15  Data assimilation using the particle filter

15.1 Review of Batch vs Sequential Methods

Before beginning the introduction of the particle filter it is important to revisit the MCMC-MH approach that we used to estimate the parameters of a Bayesian model. Here is the general algorithm again:

for(i in 1:num_iterations){

Choose new parameters based on previous parameters

for(t in 1:length_of_time_series){

Make predictions over the complete time series

}

Calculate the likelihood of data given model and current parameters
Calculate the probability of priors given current parameters

Accept or reject parameters

}

Above, you see that the outermost for-loop is looping over the number of iterations (num_iterations). The inner loop is looping over the length of the time series (length_of_time_series). Therefore, this approach tests each parameter value choice in an iteration (and latent state if using a state space model) over ALL time points in the time series. As a result, we call this a batch method because it considers all data as a single “batch” of data.

Strengths of the batch method are:
- The parameters are consistent with all data
- Straightforward to estimate parameters, uncertainty parameters, and latent states

Weaknesses:
- Can be computationally slow
- Require re-fitting model if there is even a single new data point

Alternatively, sequential methods only analyze data one time point at a time. Here is general code for a sequential method - notice that the for-loop order is reversed


Calculate the prior distribution of parameters

for(t in 1:length_of_time_series){

for(i in 1:num_of_particles){

Make predictions for each particle based on the previous value for the particle

}

Compare particle to data (likelihood or other technique)

Weight particles based on the comparison to the data

Adjust particles based on weights

}

In the sequential method, we can restart at any time point, as long as we have the values for the states and parameters that are associated with each particle. When doing an iterative forecast, these values are what you would save to wait for new data to arrive.

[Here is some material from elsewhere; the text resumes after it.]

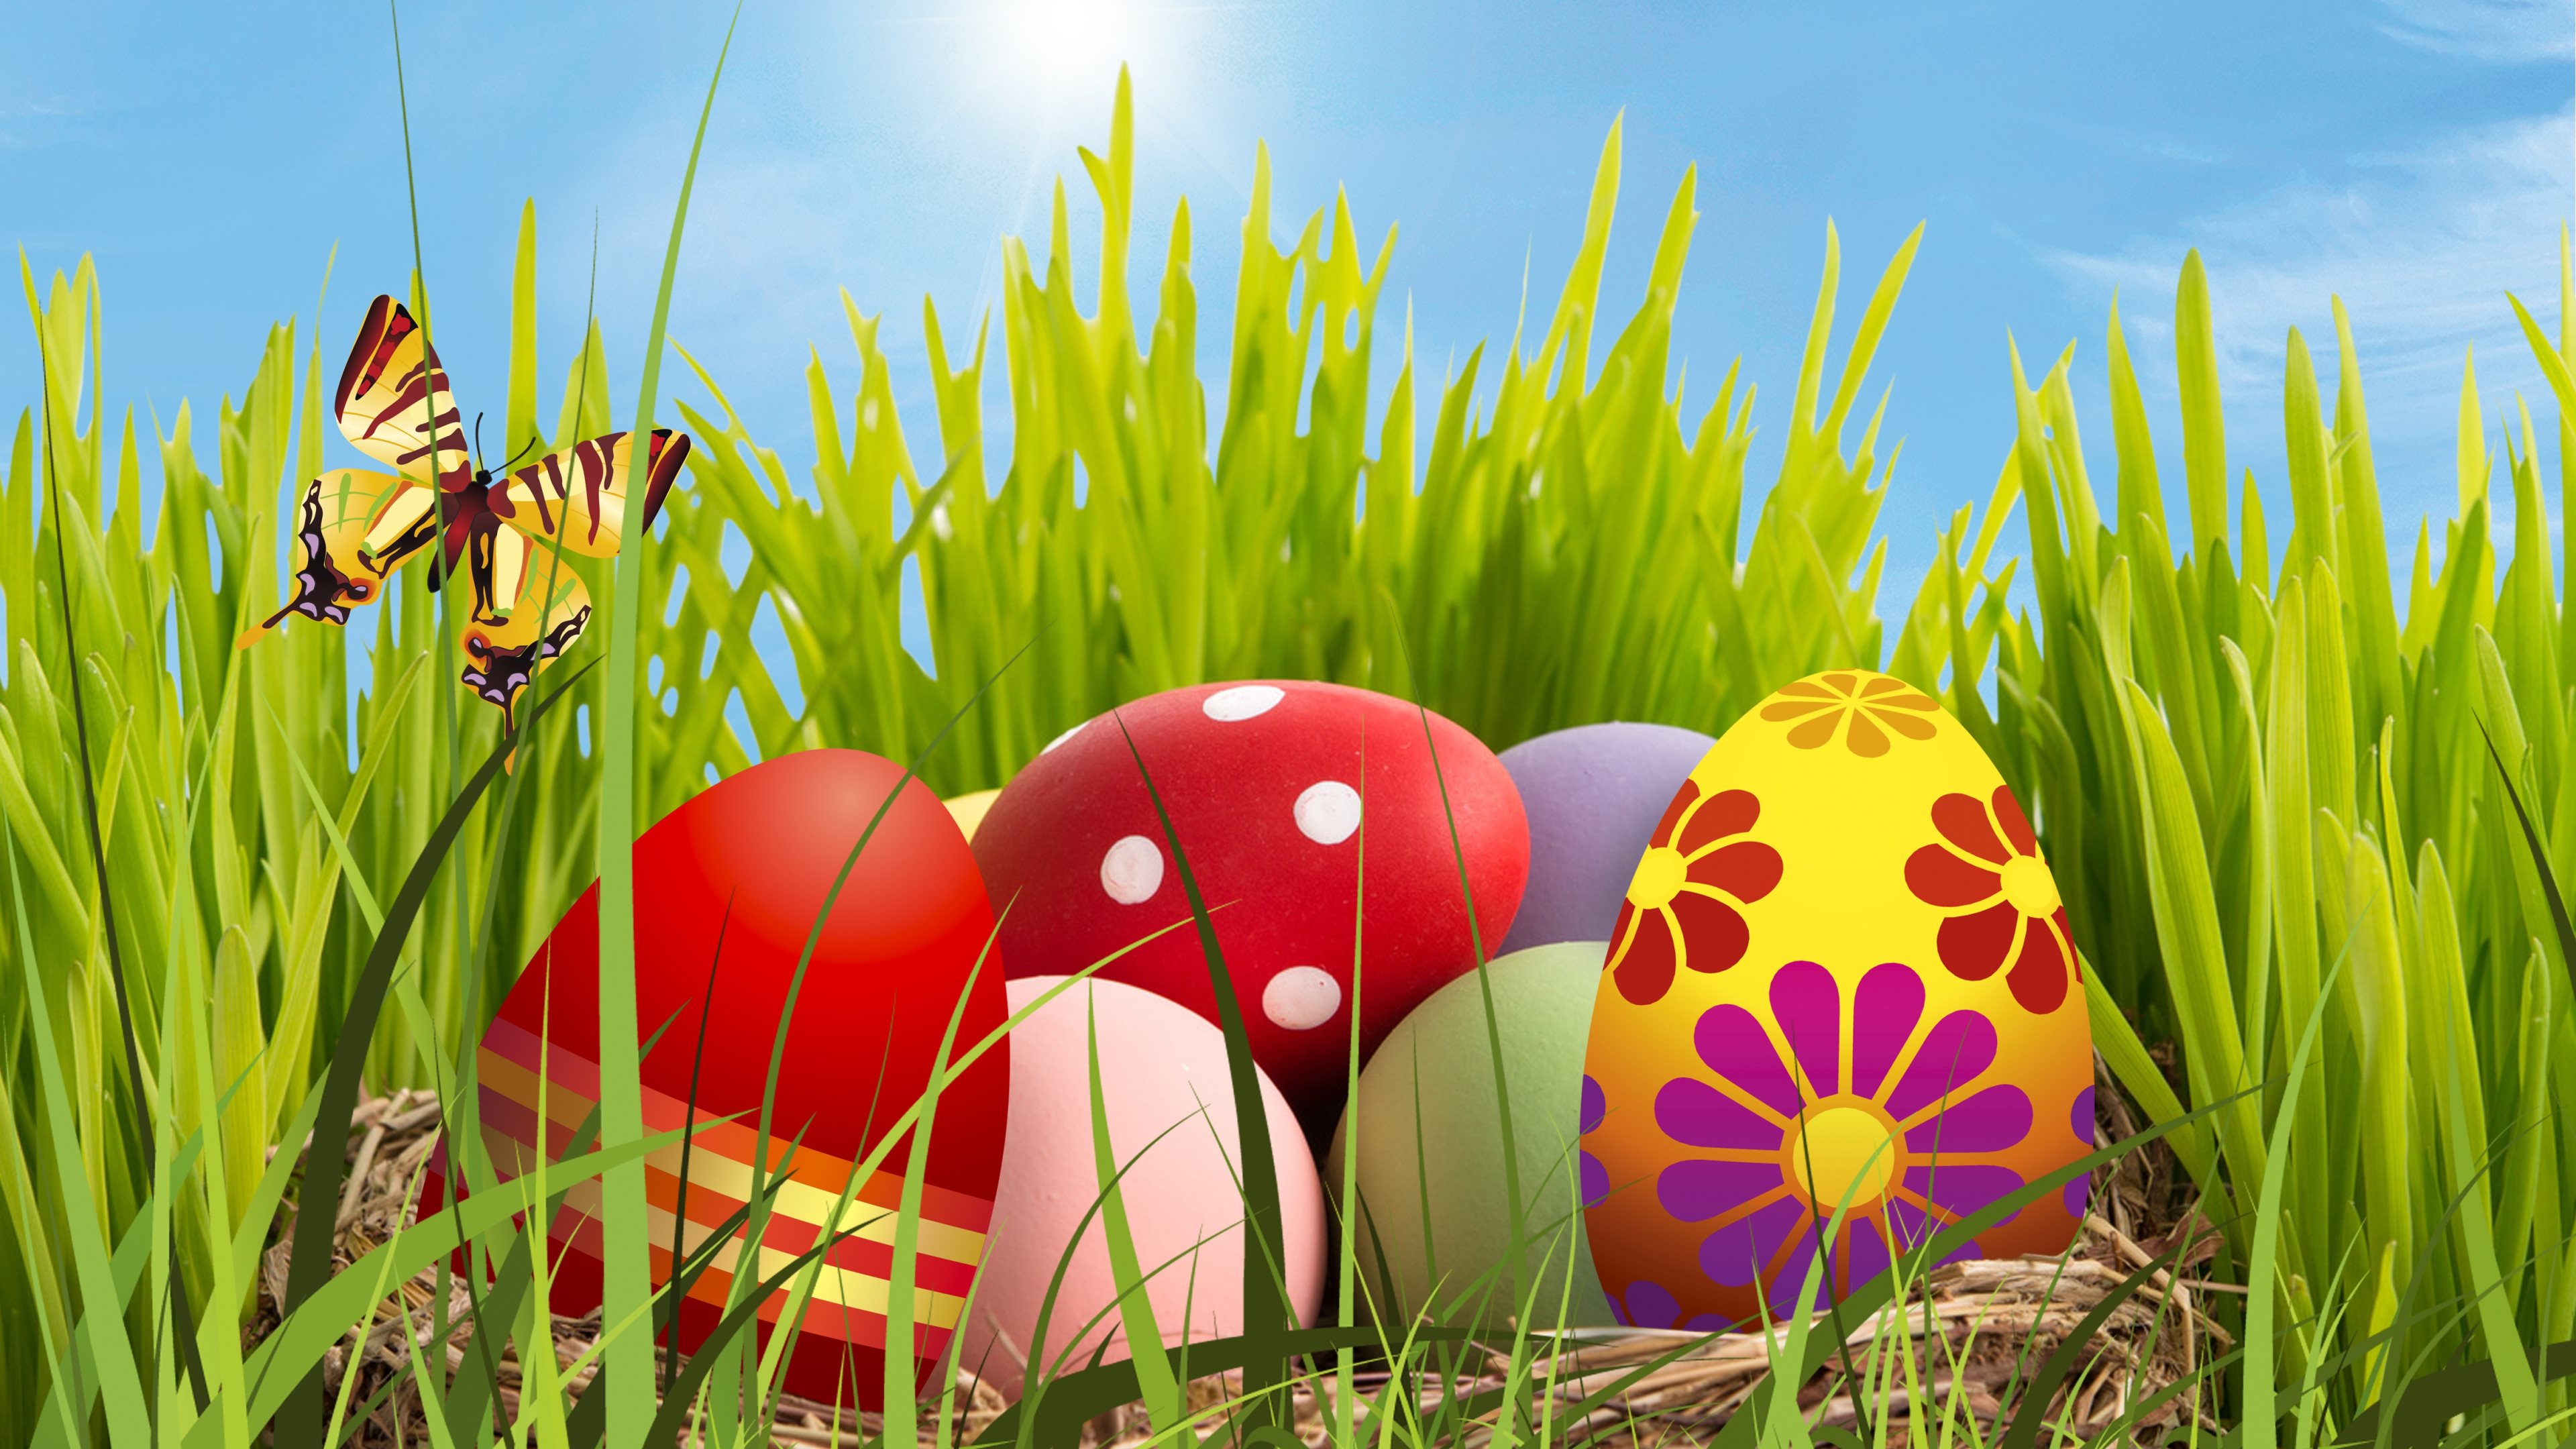 Easter Eggs In The Grass 4k Ultra HD Wallpaper Background Image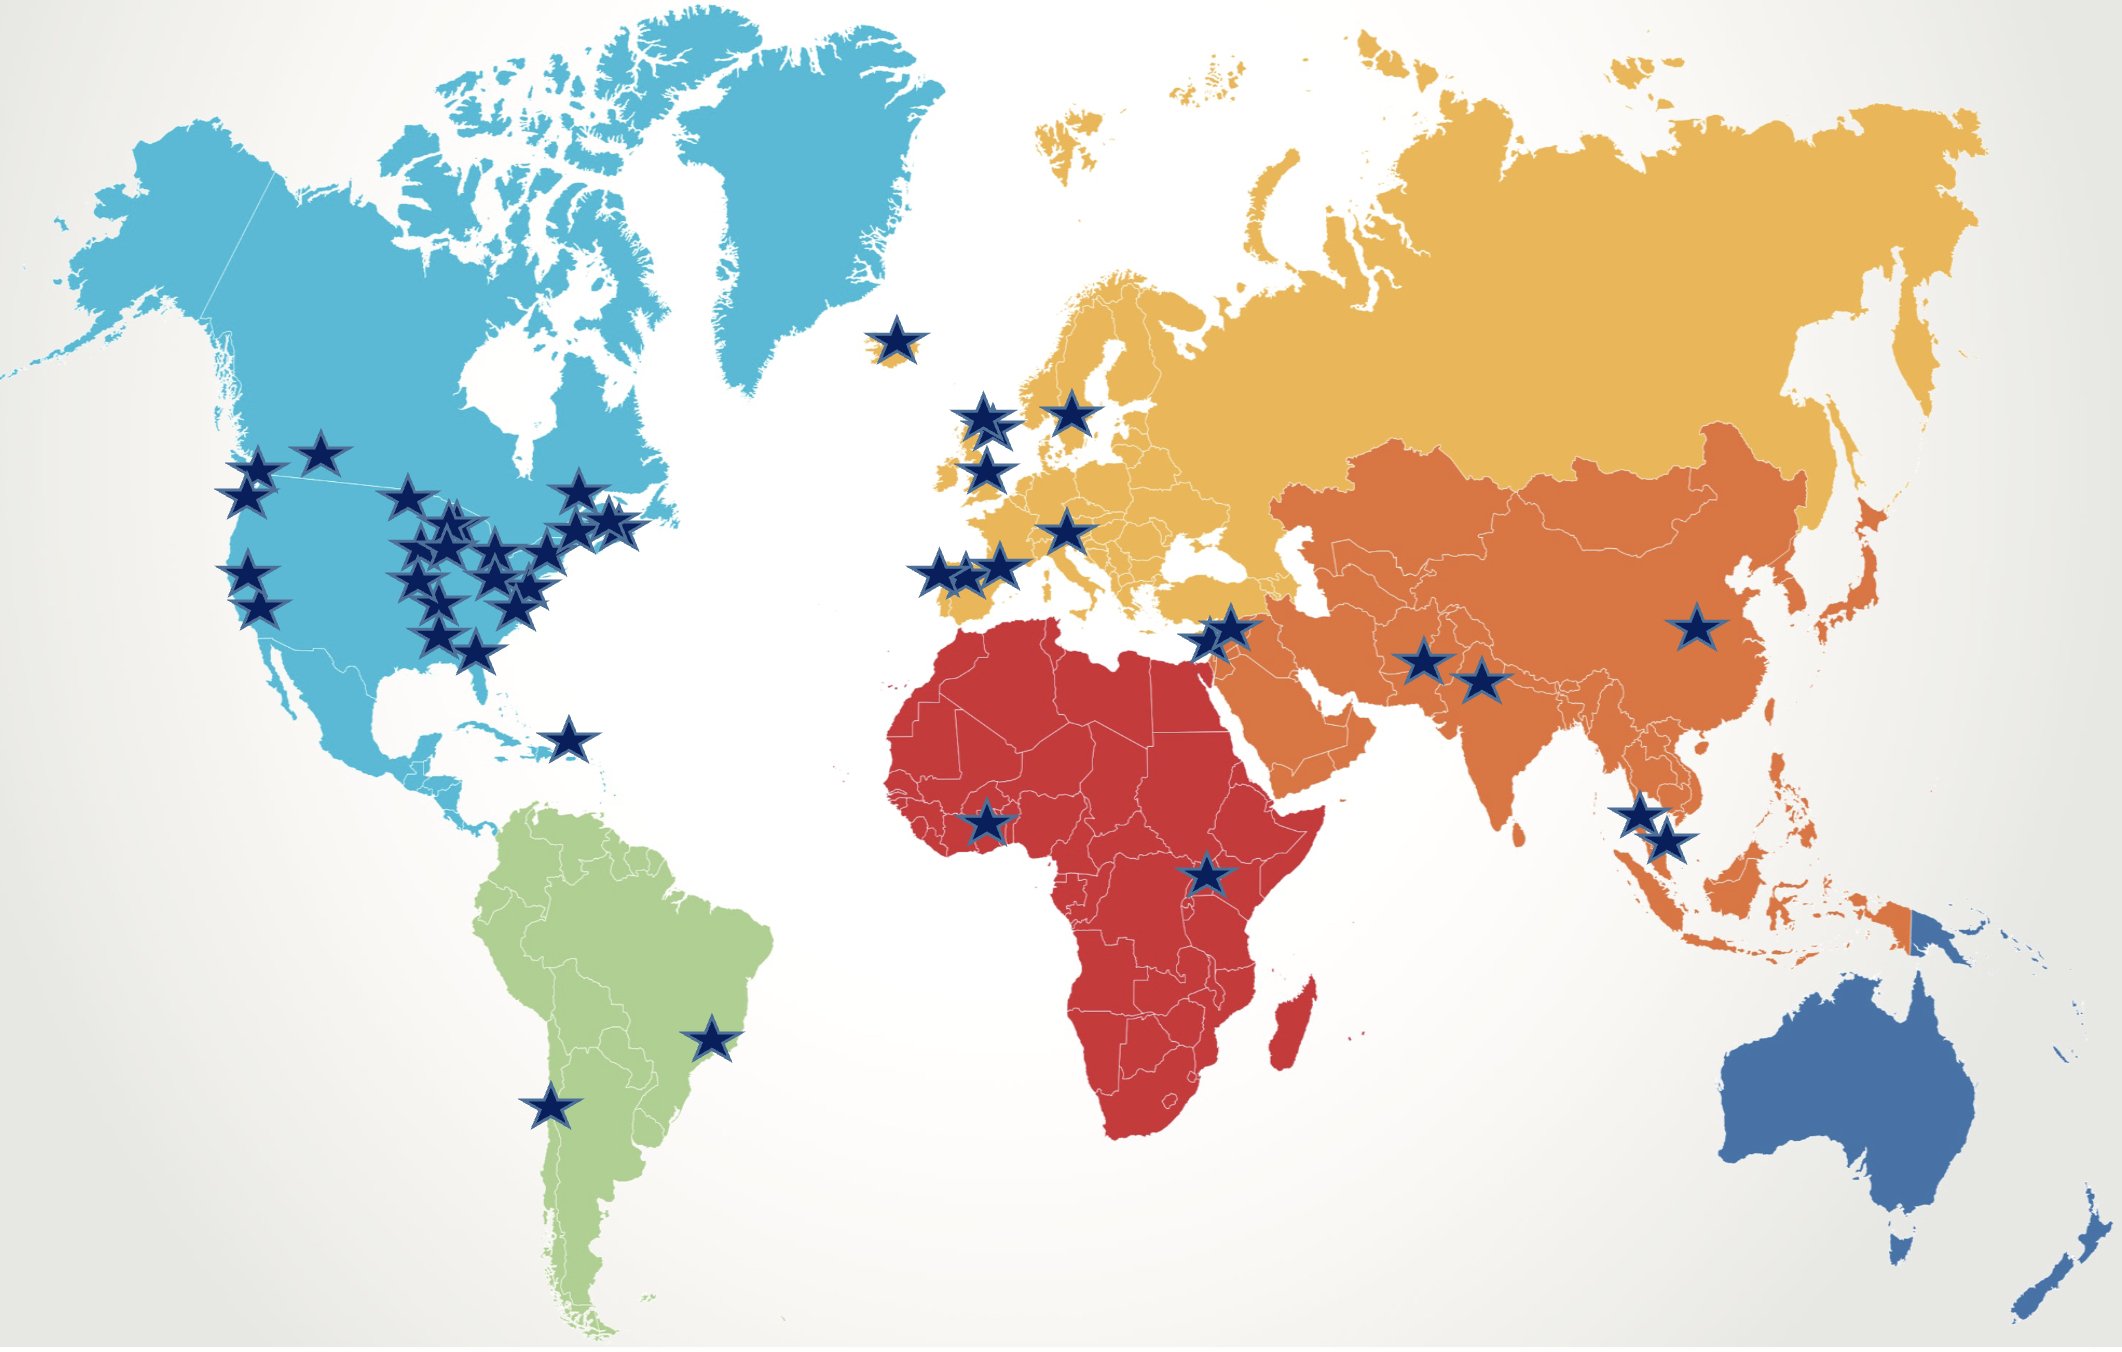 Global map using star icons to denote where the partner schools are located in the R3ISE Network.

15.2 Introduction to Particle Filter

Many sequential data assimilation methods make different assumptions about data and model distributions to simplify the analysis. Many of the methods emerged before our massive computational resources or were developed for HUGE problems like assimilating terabytes of data into a global weather model that simulates the physics of the atmosphere at 25 km vertical resolution. Examples include the Kalman Filter, Extended Kalman Filter, Ensemble Kalman Filter, and 4D-var. These methods all heavily use matrix algebra which I have not introduced in this class. Since these methods commonly assume that the data and model errors are normally distributed, the numerical version (Ensemble Kalman Filter) can run fewer particles (in this case: ensemble members) because it doesn’t take as many samples to estimate the mean and variance of a distribution than it does to estimate the full distribution

Here, I introduce the particle filter. The particle filter is a sequential method that will be more familiar to those who have learned the Bayesian methods that we have covered in the earlier chapters (Chapter 14). It has the concept of a likelihood, of which you are well versed (Chapter 13). The particle filter does not assume a specific distribution of the data and model error so it requires more particles to estimate the full distributions. As a result, it is more appropriate for “smaller” problems like the ones we are tackling in this book

The particle filter is quite simple

  1. Initialize a set of particles: Set the initial distribution of the states for each particle and, if estimating parameters, the initial distribution of parameters that you want to estimate. Think of this as your initial priors.
  2. Predict the next time step using your process model for each particle. Add process uncertainty to each particle (i.e., rnorm)
  3. If there are observations at the time step, calculate the likelihood of the data given the particle just like we calculated the likelihood in the likelihood and Bayesian exercises. For example: LL <- dnorm(obs, mean = pred, sd = sd_obs). You will typically use the uncertainty of the observations in the likelihood because you have already included the process uncertainty in #2. If observations are not available at the time step, then continue to the time step.
  4. If there are observations at the time step, resample the particles using the likelihood as the weights (don’t forget to exponentiate the likelihood if you logged it in #3, the weights must be probabilities rather than log probabilities). The weighted sampling, with replacement, will randomly pick the more likely particles more often. You will keep the same number of particles but the values for each particle will change. Less likely particles will be replaced with more likely particles (though the less likely particles can still be selected). Be sure to resample all states together and, if also estimating parameters, the parameters as well. The key to resampling is the following:
## Calculate likelihood (weight) for one state with an observation at that time-step
## The dimensiosn of x
wt <- dnorm(obs[t], mean = x[t, ], sd = sd_data)

# Normalize the weights
wt_norm <- wt / sum(wt)

## resample ensemble members in proportion to their weight.  
## Since the total number of samples = the number of particles then you will preserve the 
## Same number of particles
resample_index <- sample(1:num_particles, num_particles, replace = TRUE, prob = wt_norm) 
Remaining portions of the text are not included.